In its place, however, was another massive question-begger, another primatal “if.” Said Dr. Ramsey: “It won’t be surprising if other churches in the Anglican Communion do not take us very seriously if, having exhorted them to seek unity on these lines, we are unwilling or unable to do it ourselves.” This unhappily worded statement suggests a wrong motive for action, implies that the Church of England is already in some sense morally committed to the scheme, leaves no room for a courageous change of heart, and advocates uniformity more than unity.

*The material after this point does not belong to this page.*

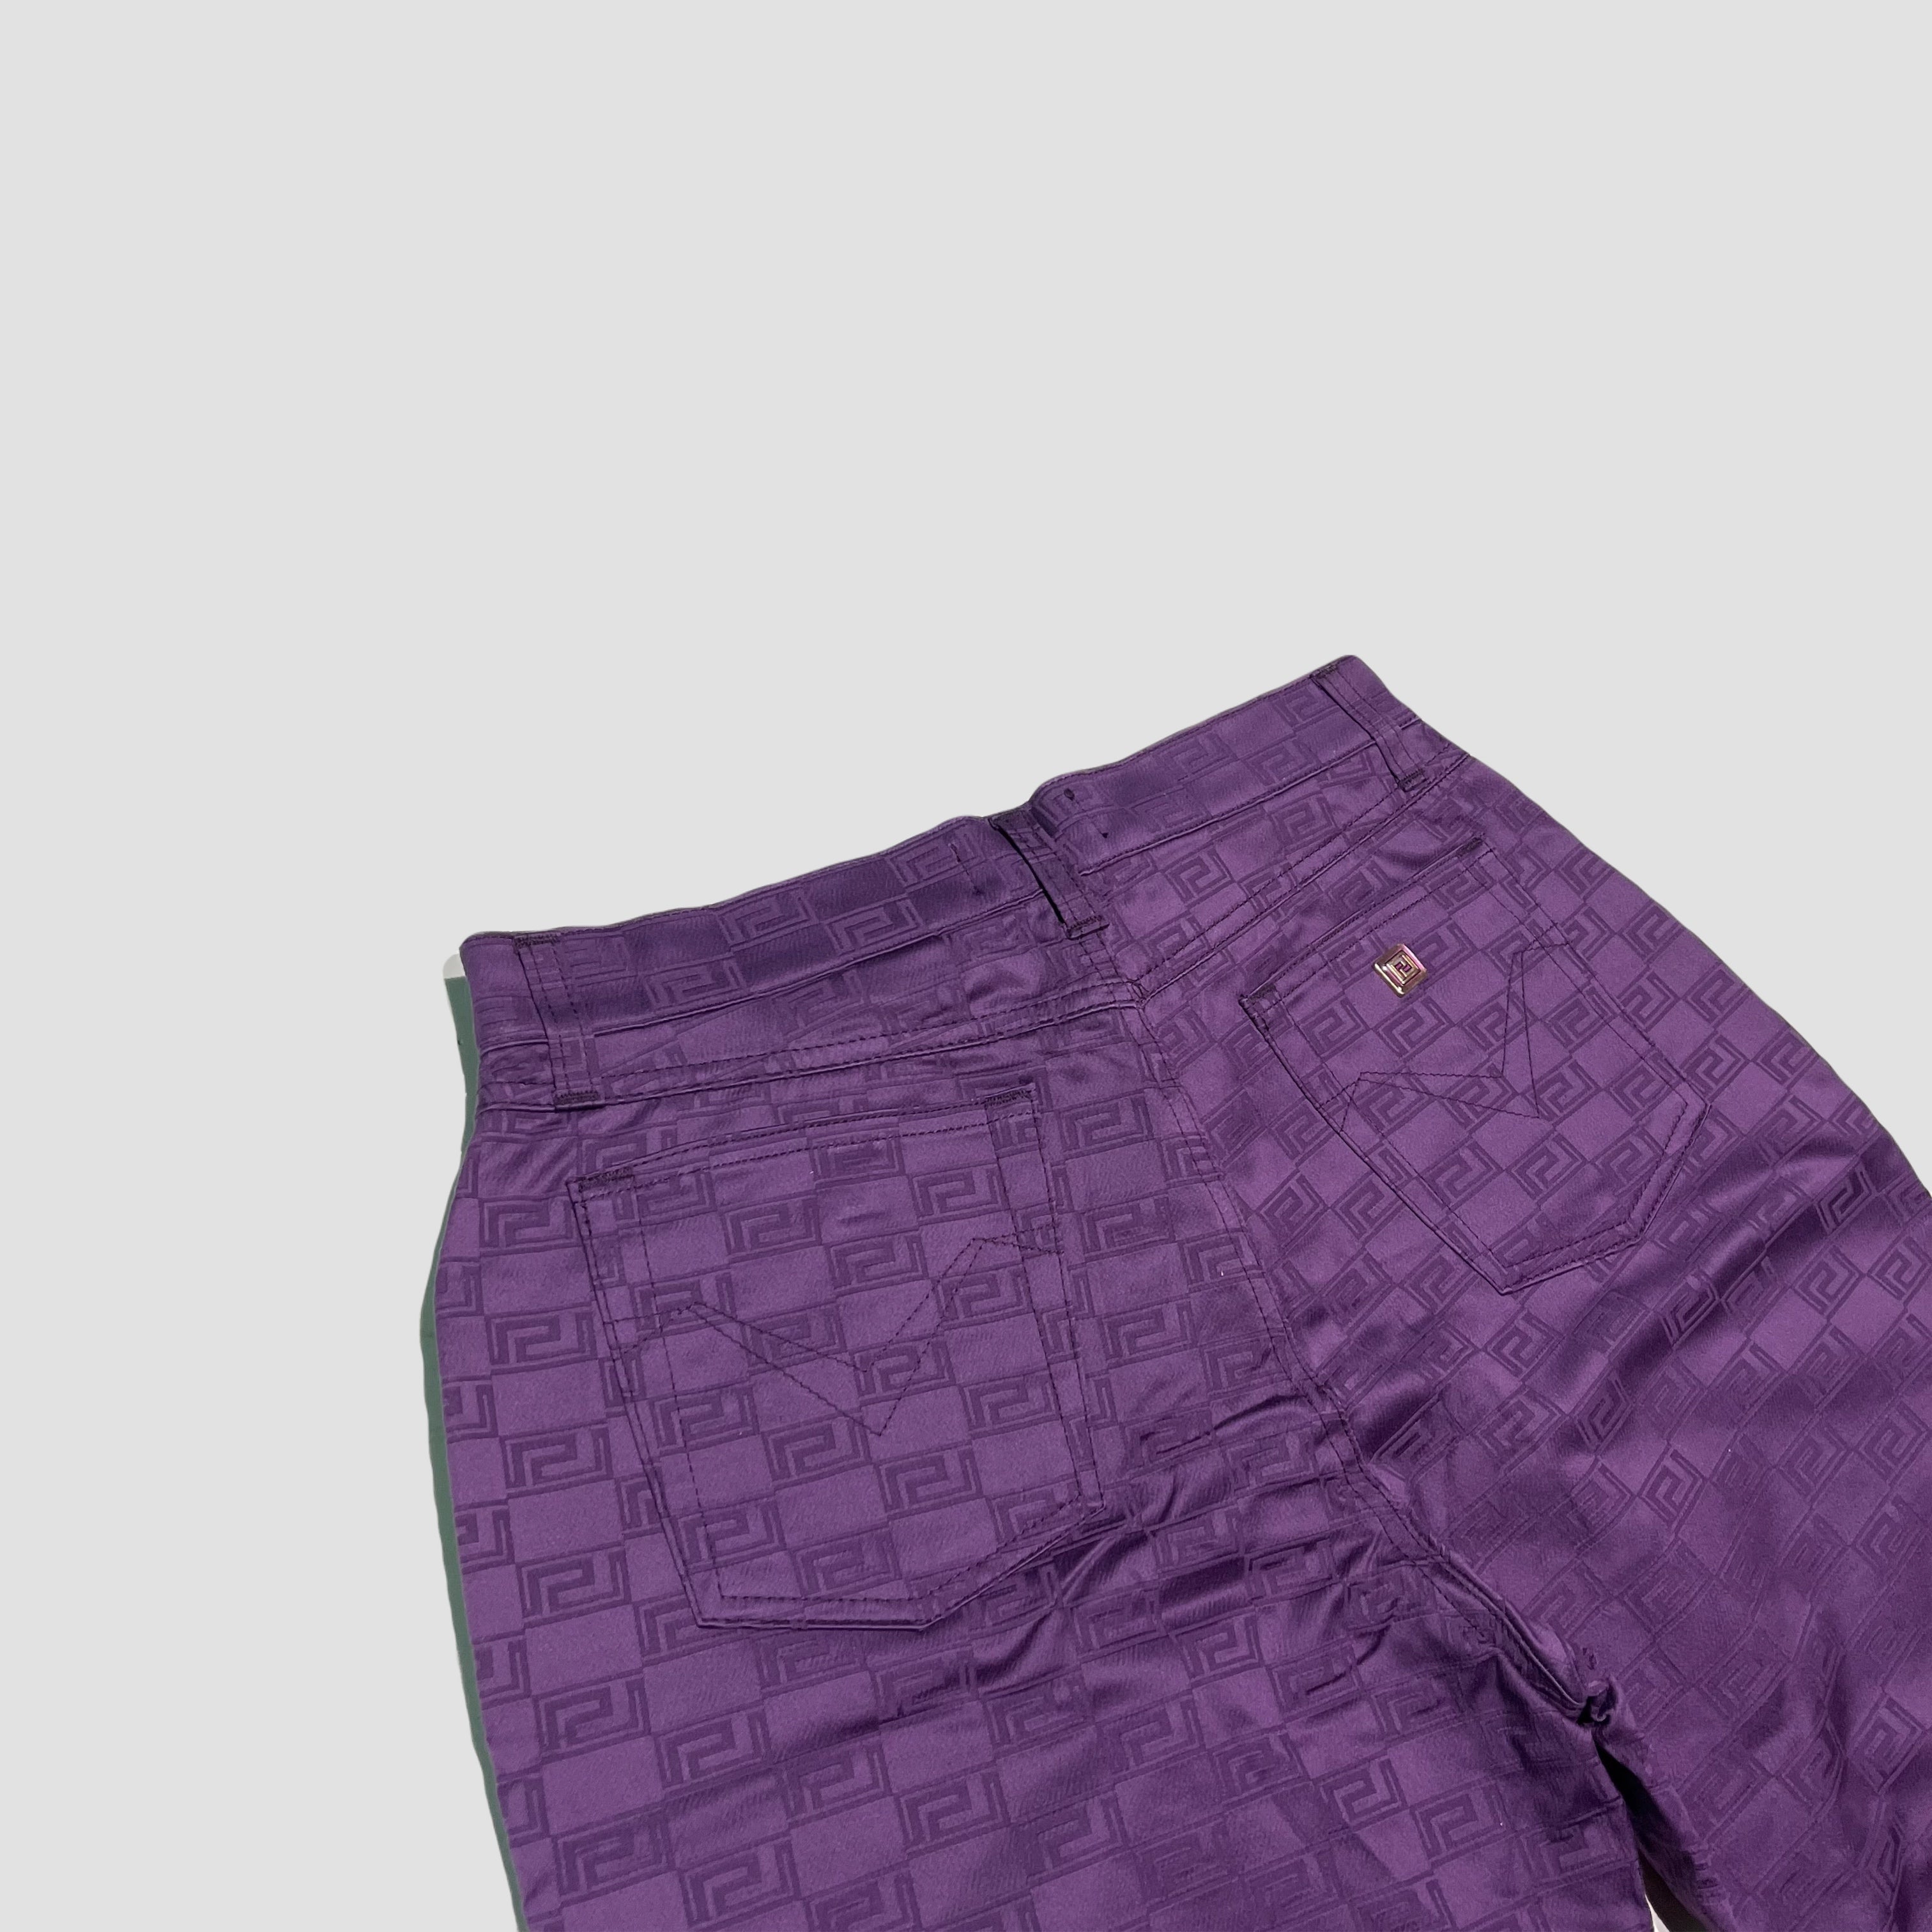 Gianni Versace 90’s Monogram Trousers Original Allure

But this point came later in his address, almost as an incidental. Very properly the archbishop spent much time discussing the Service of Reconciliation. “Of course it resembles an ordination,” he said, in reply to a common objection. Instead, however, of going on to say where it is not an ordination, he veered off to put the whole matter on his own terms. Three questions, he suggested, are important: “What is God asked in this service to do?” (which seems to me to be the very point in dispute). “Is God able to do what he is asked in this service to do?” (Who could possibly say no to the question in that form?) “What will be the result for the recipients if God does what he is asked to do?” (All right, but what will be the result if he doesn’t?)

“If we can answer these questions,” continues Dr. Ramsey (how they are answered is evidently of no moment), “we shall be saying a great deal, and perhaps saying as much as needs to be said, even though we disclaim saying within the service what the relative needs of the recipients are and what particular gifts God gives in each case to meet those needs.” The point Dr. Ramsey is tortuously trying to make here is dependent first on the validity of, and lack of ambiguity in, his questions—and then on his getting to them the answers he wants.

Thereafter he says that bishops, elsewhere referred to as “the historic episcopate,” are “necessary for a reunited Christendom.” This means that conversations with the Church of Scotland should be concerned chiefly with the terms on which the Kirk will accept bishops, so that what is lacking in Presbyterian ministers may be put right. While appearing to state that ministers of non-episcopal churches are “real ministers of God’s Word and sacraments,” Dr. Ramsey more than appears to concur in the view that all ministries are not “equally sufficient.” All must be made “equally and acceptably” presbyters in God’s Church. “I have done a good many things of doubtful morality,” admits the Archbishop of Canterbury, “but I am sure that if I am allowed to share in the Service of Reconciliation this will not be one of them.” There is an element of the bathetic in that. The primate’s past is his own affair, and is a red herring here.

Toward the end of his convocation address we find Dr. Ramsey hitting an eschatological note. This might at other times be welcomed, but I doubt if it is really helpful at this stage to make tendentious allusions to “the judgment” in the context of those who reject the merger with the Methodists.

Moreover, the primate admits that “our present understanding of the episcopate and of the Eucharist may be but a shadow of the understanding which may be ours in the future plenitude of the Church.” Precisely. If present understanding is indeed so shadowy, one might ask why earlier, in order to build up his argument, he had advocated hardline Anglicanism with regard to bishops and intercommunion.

The archbishop’s closing sentence, which immediately followed on the words quoted above, is: “It is in these ways that I think a voice is saying, ‘Speak to the children of Israel that they go forward.’ ” While hesitating to question any special archiepiscopal revelation, one might ask whether the same children of Israel did not discover the folly of going forward when the cloud was still.